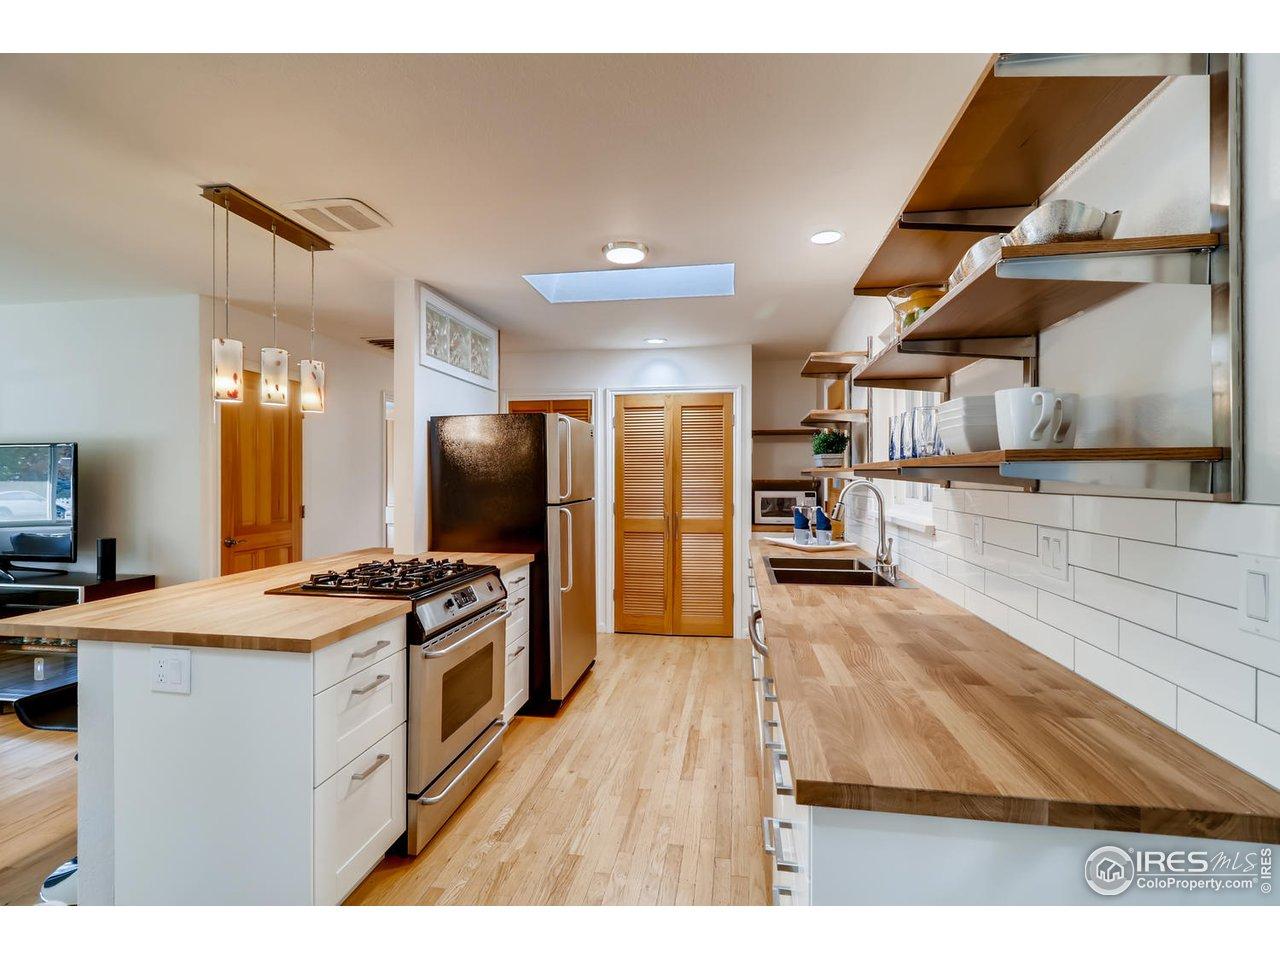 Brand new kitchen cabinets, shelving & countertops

--

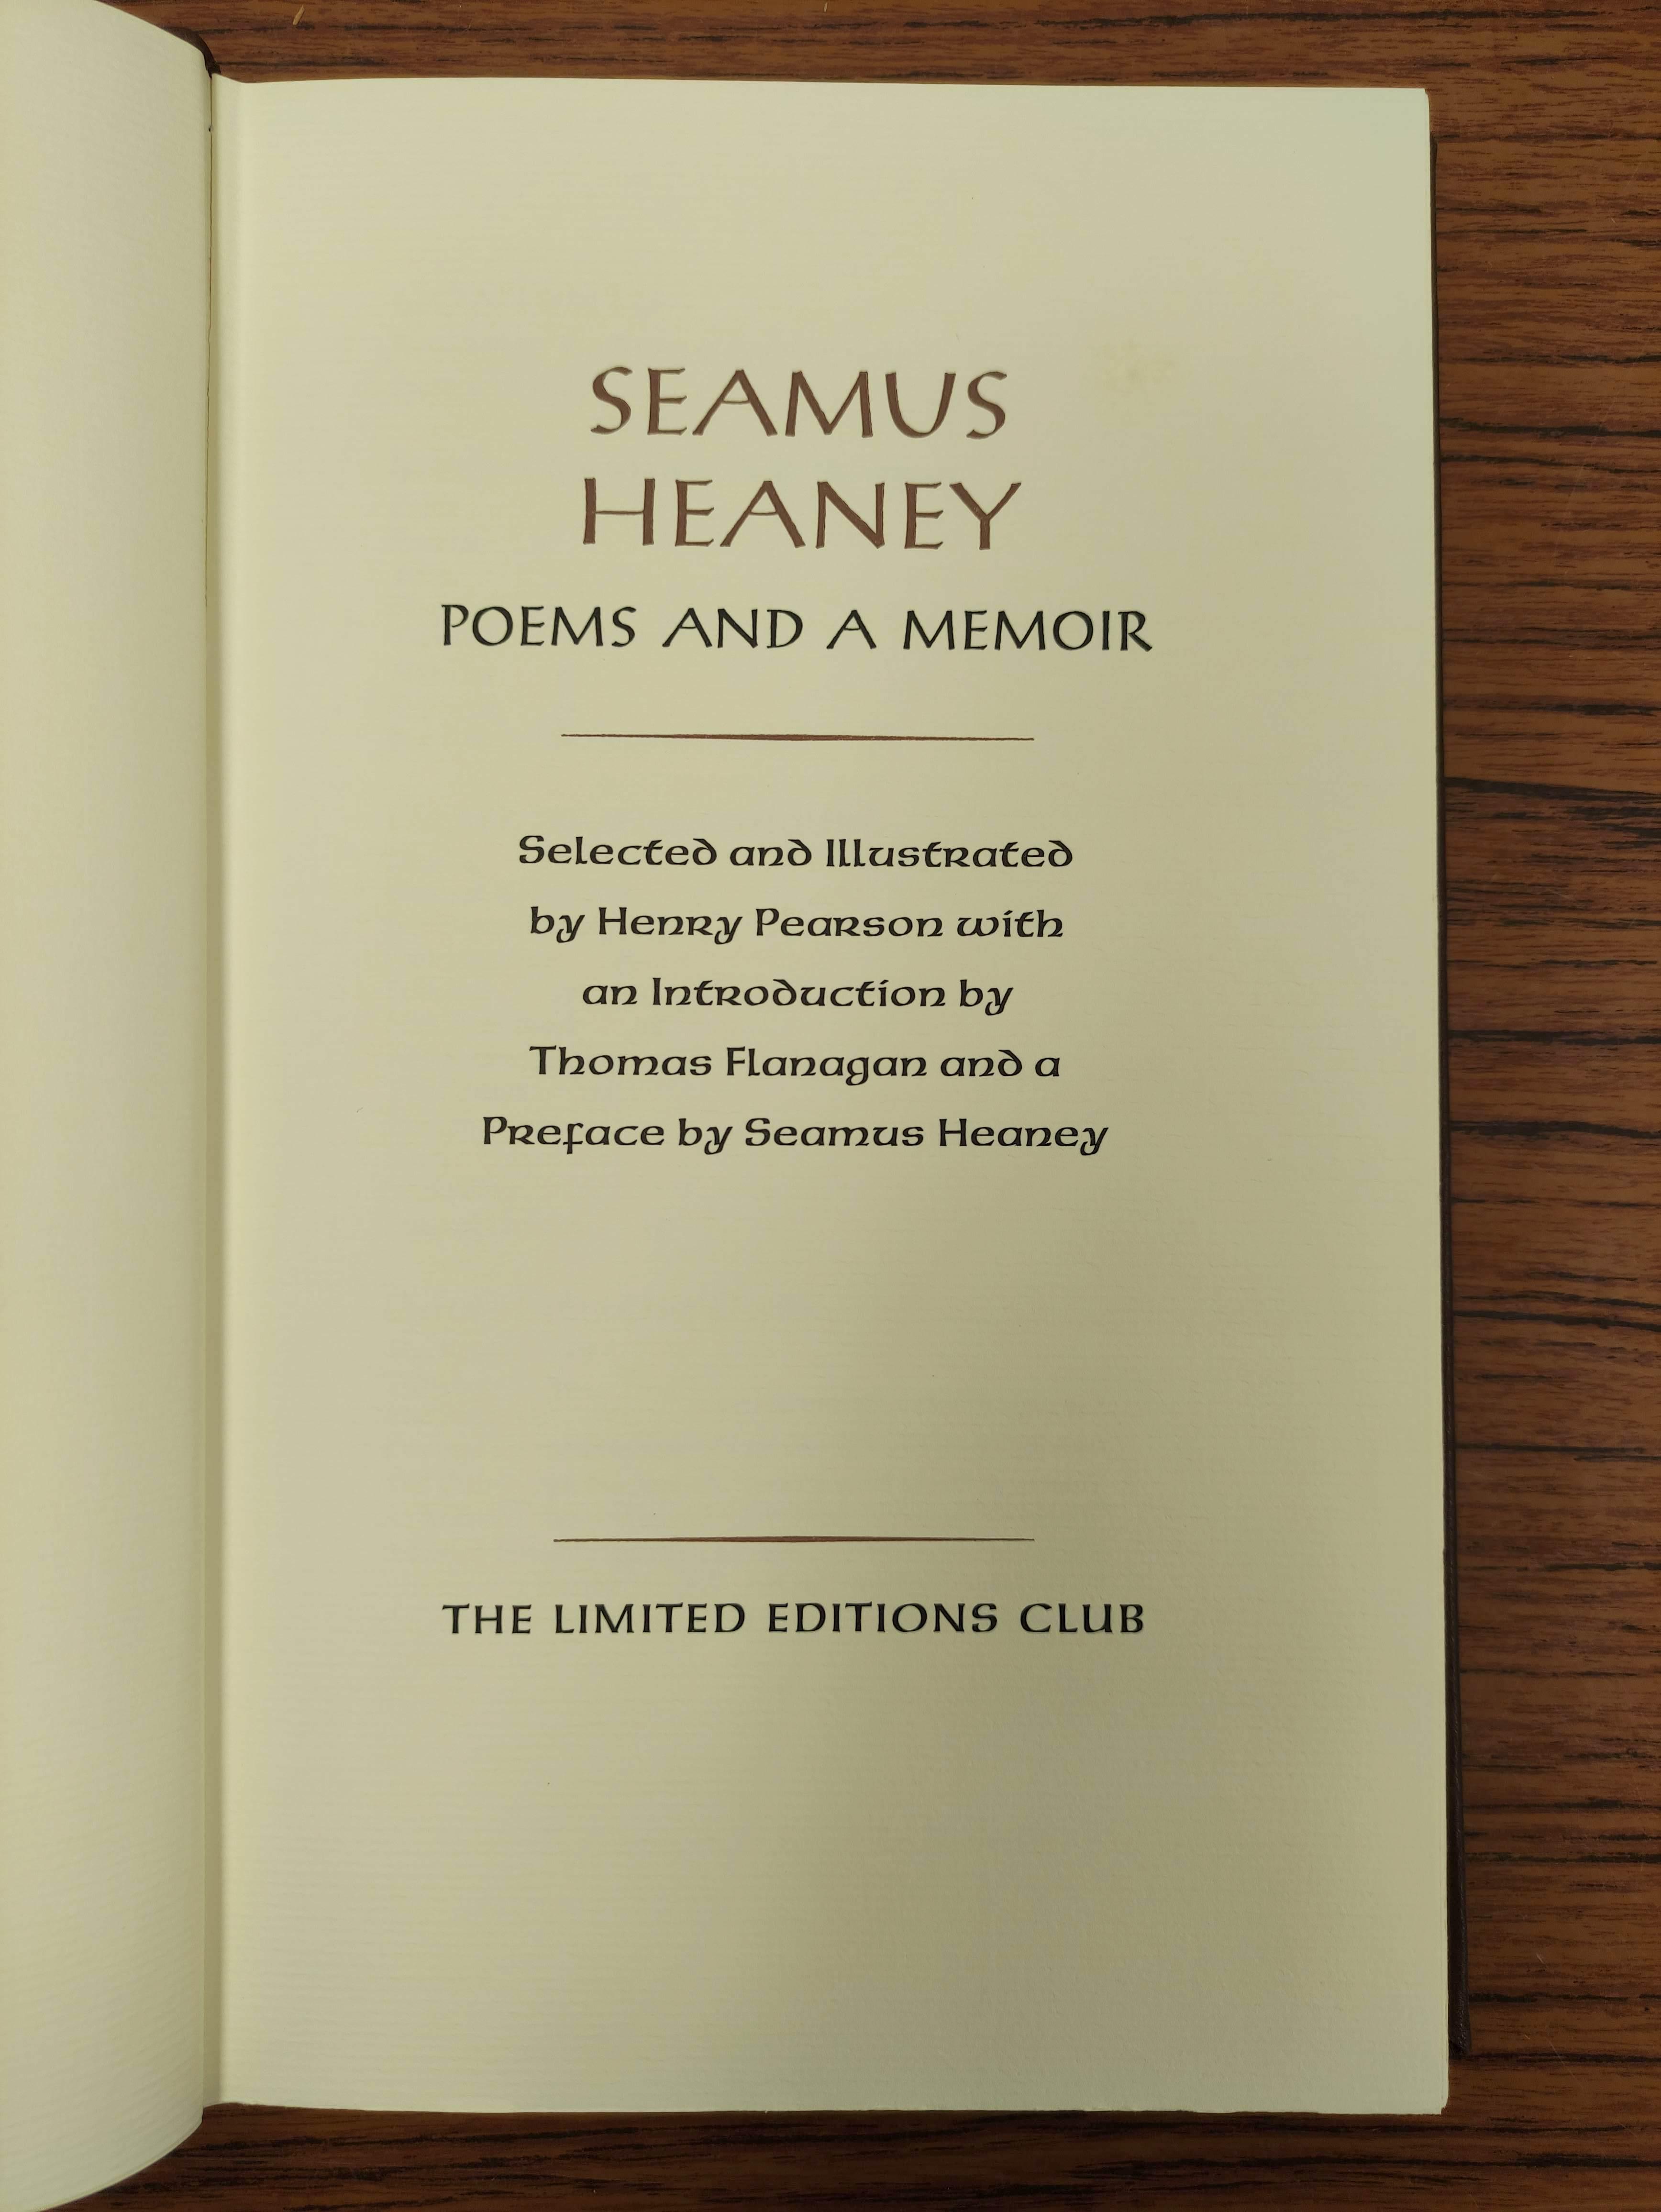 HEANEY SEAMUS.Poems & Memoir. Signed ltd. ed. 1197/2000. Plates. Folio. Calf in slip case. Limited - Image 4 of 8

==

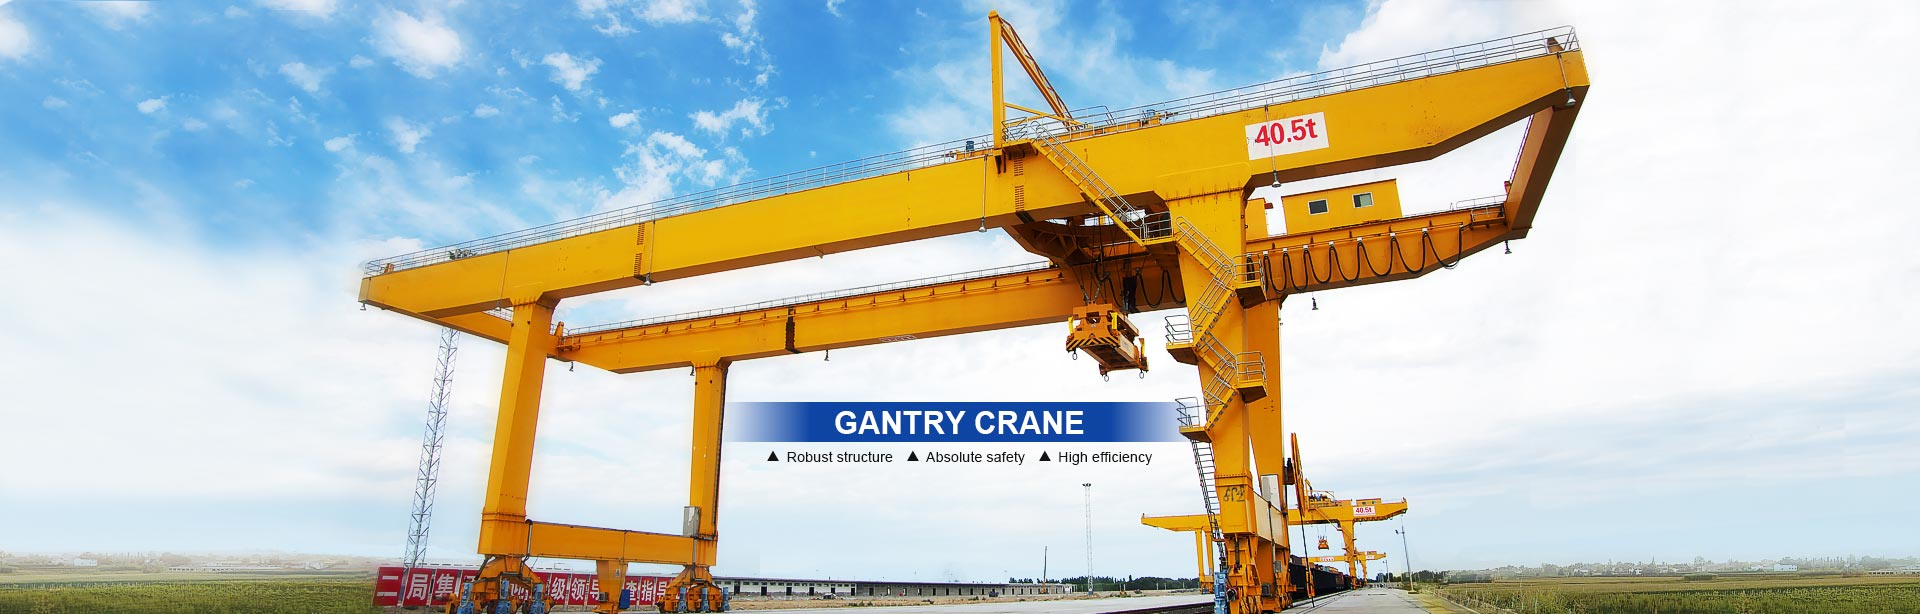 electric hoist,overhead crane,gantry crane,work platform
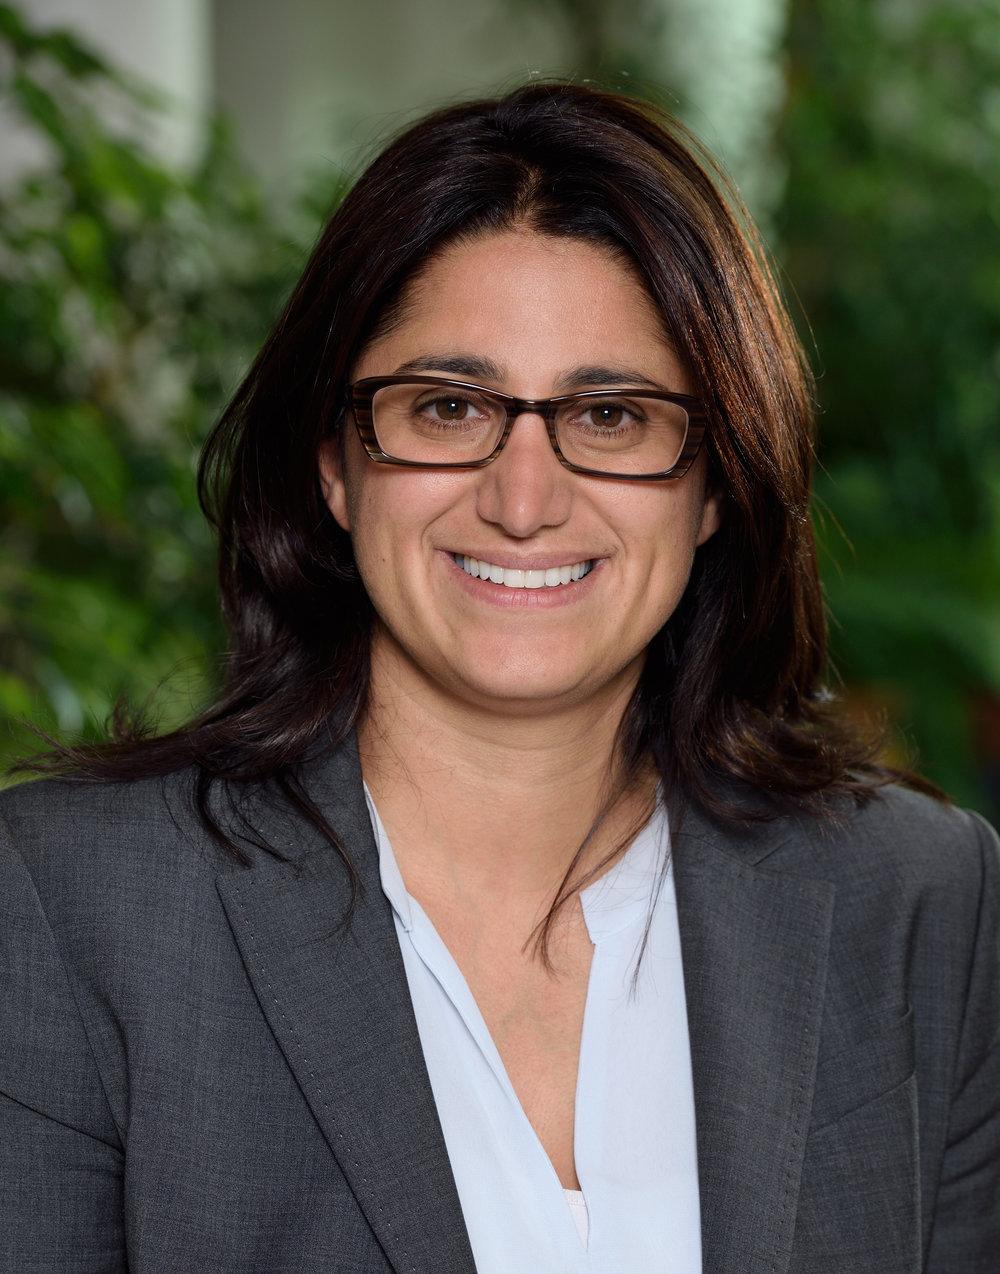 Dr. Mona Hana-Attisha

(Goal of the exercise) Exact copy, pictures excluded: every line above from the one containing "electric hoist,overhead crane,gantry" to the one containing "Dr. Mona Hana-Attisha", inclusive, and nothing more.

(Result)
 electric hoist,overhead crane,gantry crane,work platform
 Dr. Mona Hana-Attisha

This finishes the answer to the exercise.